Previously, the Bank of Lithuania predicted that GDP would fall 2% in 2020 and grow 3.1% in 2021. A forecast from the Ministry of Finance on Monday says that GDP should be 1.5% by 2020. more low, and in 2021 it will grow 2.8 percent.
Inflation will not increase
Economists at the Bank of Lithuania forecast that inflation should not rise in the next few years and will reach 1.1 percent both this year and next.
“This year, compared to last year, the growth of the general price level was mainly hampered by cheap fuel, and next year inflation will be limited by slower growth in the prices of services. that the rise in wages will prevent them from rising further and will be much slower than this year.
However, wages are projected to rise twice as fast as prices in 2021, by 2.2 percent. So far, the country’s economy has been relatively resilient to the effects of the pandemic. Although some businesses have been particularly hard hit, the economy has been rescued from a deeper recession thanks to relatively strong industry, increased net exports and government support measures that have helped save jobs.
Limitations and uncertainty in the near future will limit both household consumption and business investment. However, the general financial situation of both the population and the companies allows us to expect positive changes in the future, as the economy returns to normal ”, the report reads.
V. Vasiliauskas said at a press conference that structural changes in inflation can be observed.
“We have tried to break down the factors that make up inflation. As you can see, the factors that reduce inflation are related to those areas of life where there has been the greatest negative impact: tourism, flights, accommodation.
At that time, services like dentistry, medical services, the price change there was really positive. The price increase was modest, apparently due to the additional costs, both safeguards. Also, during the first quarantine, those services were shut down, then opened and the base effect naturally worked, ”he said.
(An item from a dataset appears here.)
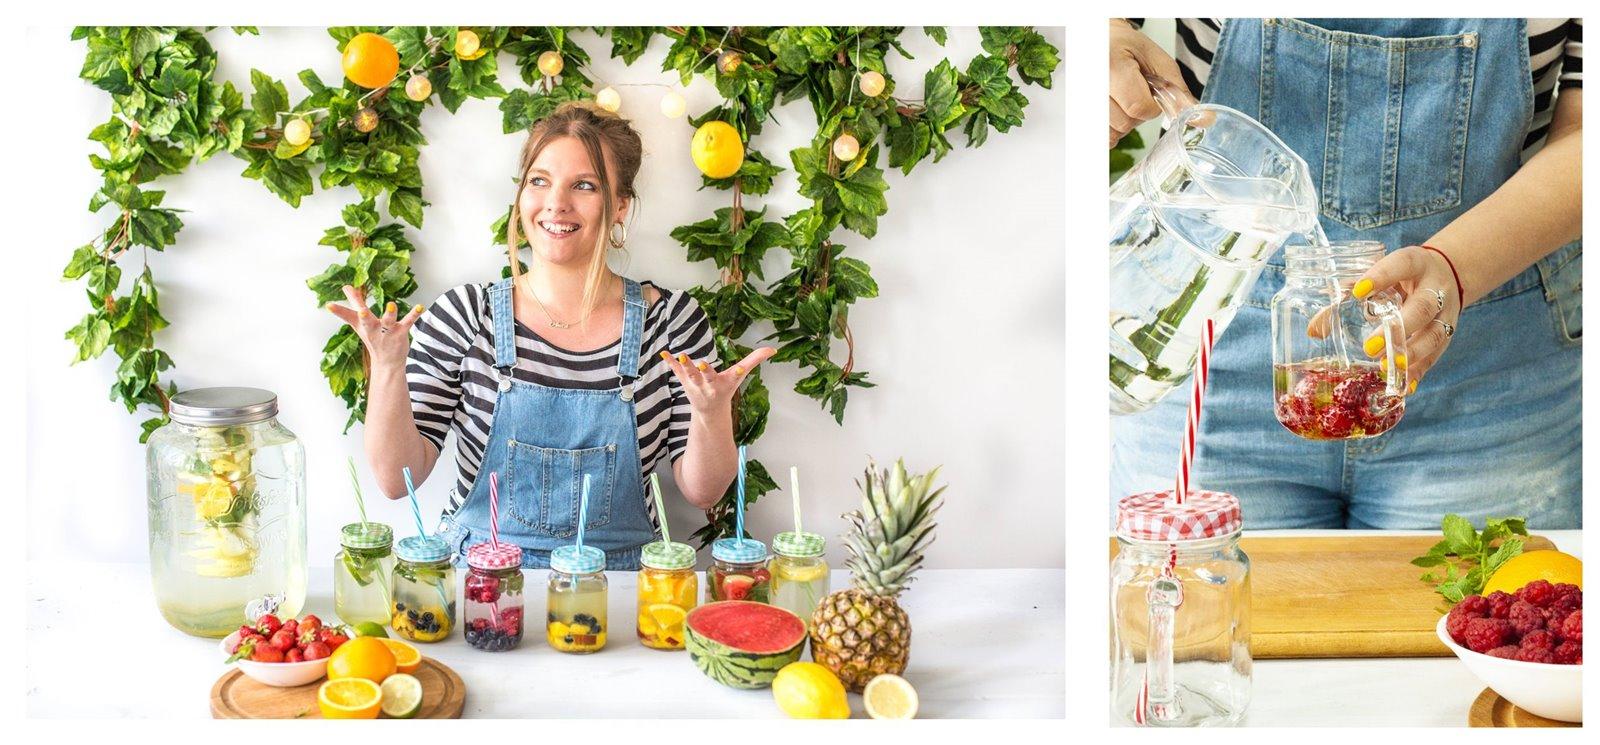 12 pomysły na urodziny na przyjęcie przyjeciele słoiki tumblr friends pinterest słoiki inspiracje lemoniada bez cytryny arbuz jak zrobić lemoniady napoje słodkie wakacje lato przepis kulinaria kuchnia łódź blog

As can be seen in the slide, the prices of dental services increased by 15.1%, those of medical services by 10.7% and those of public catering by 4.7%.
9 percent. deficit
The central bank report also claims that during the crisis, residents and businesses tended to accumulate funds. The amount of household deposits in banks has increased by 11% this year. – up to 17 billion Consequently, corporate funds increased by one third to EUR 8.8 billion. euros.
“During the pandemic, state support and central bank monetary policy measures played an important role, allowing governments to borrow funds on extremely favorable terms. The Eurosystem, of which the Bank of Lithuania is a part, already has invested LTL 700 billion in a pandemic asset purchase program. The total planned volume of the program should reach 1.85 trillion. and will be implemented at least until March 2022.
However, government measures also come at a price, in particular through rising budget deficits and public debt. This year, Lithuania’s budget deficit will amount to almost 9 percent. GDP and will be one of the largest among the EU countries, “the report said.
It is estimated that more than 5%. the deficit will be next year and the difference will have to be covered with borrowed funds. As a result, public debt, which has reached a record level this year, will grow to more than 50% next year. GDP.
In addition, there is an increasing risk that public spending will be even higher because the resources needed to manage the pandemic and its consequences are greater than expected. There are also risks to the efficient use of borrowed funds, in particular with regard to the implementation of the DNA Plan for the Future Economy, as it is not clear whether the measures set out in this plan will meet the requirements of the European Commission.